Jessica Muscio and Doug Davis took a less traditional route to marriage.
First came attraction and friendship — and then came love, children and a house. In between were a few breakups.
“I wasn’t ready to be vulnerable,” said Mr. Davis, an entertainment and music lawyer who is a son of the venerable music executive Clive Davis. “I wasn’t prepared for the emotional risk of putting it all on the line for her. At the time I didn’t realize I was sabotaging the relationship, but in retrospect I was.”
Their wedding would be a long time coming.
The couple met in the summer of 2010, when each was attending a multigenerational alumni mixer for graduates of their high school, the Dwight School, on Manhattan’s Upper West Side.
Mr. Davis, 47, graduated in 1990, and Ms. Muscio, 33, in 2004. Though the 14-year age gap kept them from knowing each other back then, the reunion brought them together.
Mr. Davis noticed Ms. Muscio first. “Jessie was talking to a friend so I used him as an involuntary wingman,” he said. “Then I introduced myself.”
They spoke for a few minutes. Mr. Davis ended the conversation by asking Ms. Muscio to friend him on Facebook. A week later she did.
A year went by. When Facebook alerted them about their one-year friend anniversary in 2011, it was the nudge they needed to reconnect. They began texting each other and soon met for dinner at ABC Kitchen, near Union Square and a block from where Ms. Muscio lived with her parents.
“I thought it was a date,” Mr. Davis said. “There was too much chemistry and she was dressed too nicely for it not to be a date.”
Ms. Muscio, a clothing stylist, saw it as a networking opportunity. “I’m not sure why he thought it was a date,” she said, though she could sense he was interested in her romantically. “I was into him as a person, but we were at different stages in life.”
There were more casual dates, but no romance. A friendship grew between the two.
In 2012, when Whitney Houston died, Ms. Muscio wrote Mr. Davis a note of condolence. Ms. Houston was a client and friend of his father.
“The letter was incredible,” Mr. Davis said. “There was a depth of warmth, understanding and loss. It stood out. She stood out. I could tell she was special.”

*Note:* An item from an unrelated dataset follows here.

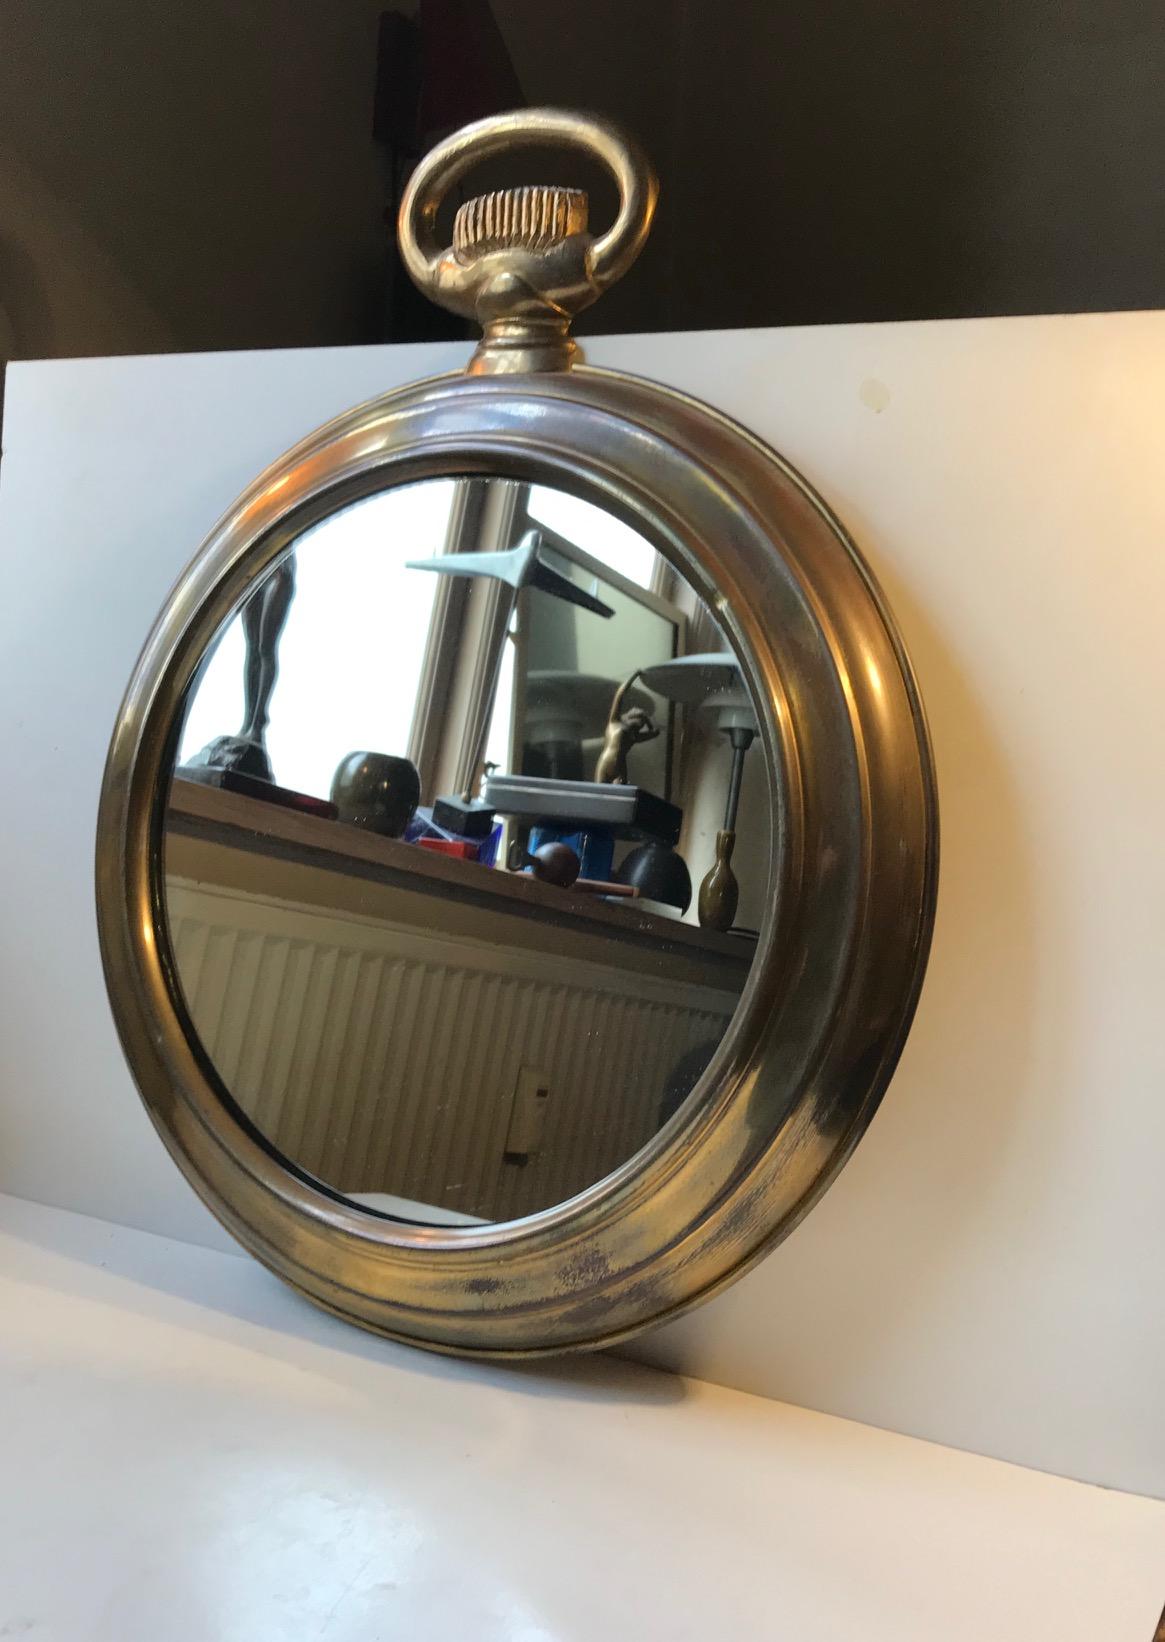 A round brass pocket watch mirror made in France during the 1950s. Its frame is made from solid brass that has developed a Natural patina. Its suitable for bathrooms, small alcoves or in your entrance reception area. Dimensions: 49 W x 63 H x 6.5 D

Ms. Muscio had also begun to develop feelings. “I found myself thinking of him and wanted to share things with him,” she said. “When I closed on my apartment, he was the first person I posted a photo of the keys to.”
She had also told him about her mother’s neurological health, which was deteriorating.
In June 2012, Mr. Davis took Ms. Muscio to the River Café in Brooklyn Bridge Park for her birthday. The evening went well. More serious dates followed, and by the fall they were a couple.
“I loved him, but it was unlike any kind of love I’d experienced,” she said. “He made me feel safe and gave me wisdom in the places where I was looking for answers.”
But their differences posed a few problems. Mr. Davis, the founder of the Davis Firm, was established in the entertainment industry. Ms. Muscio was still finding her way professionally. He was a longtime bachelor and she was just owning her independence. He was conservative and serious; she was a free spirit and spontaneous. Then there was the age difference. It was a lot to juggle. In June 2013 they broke up for six weeks.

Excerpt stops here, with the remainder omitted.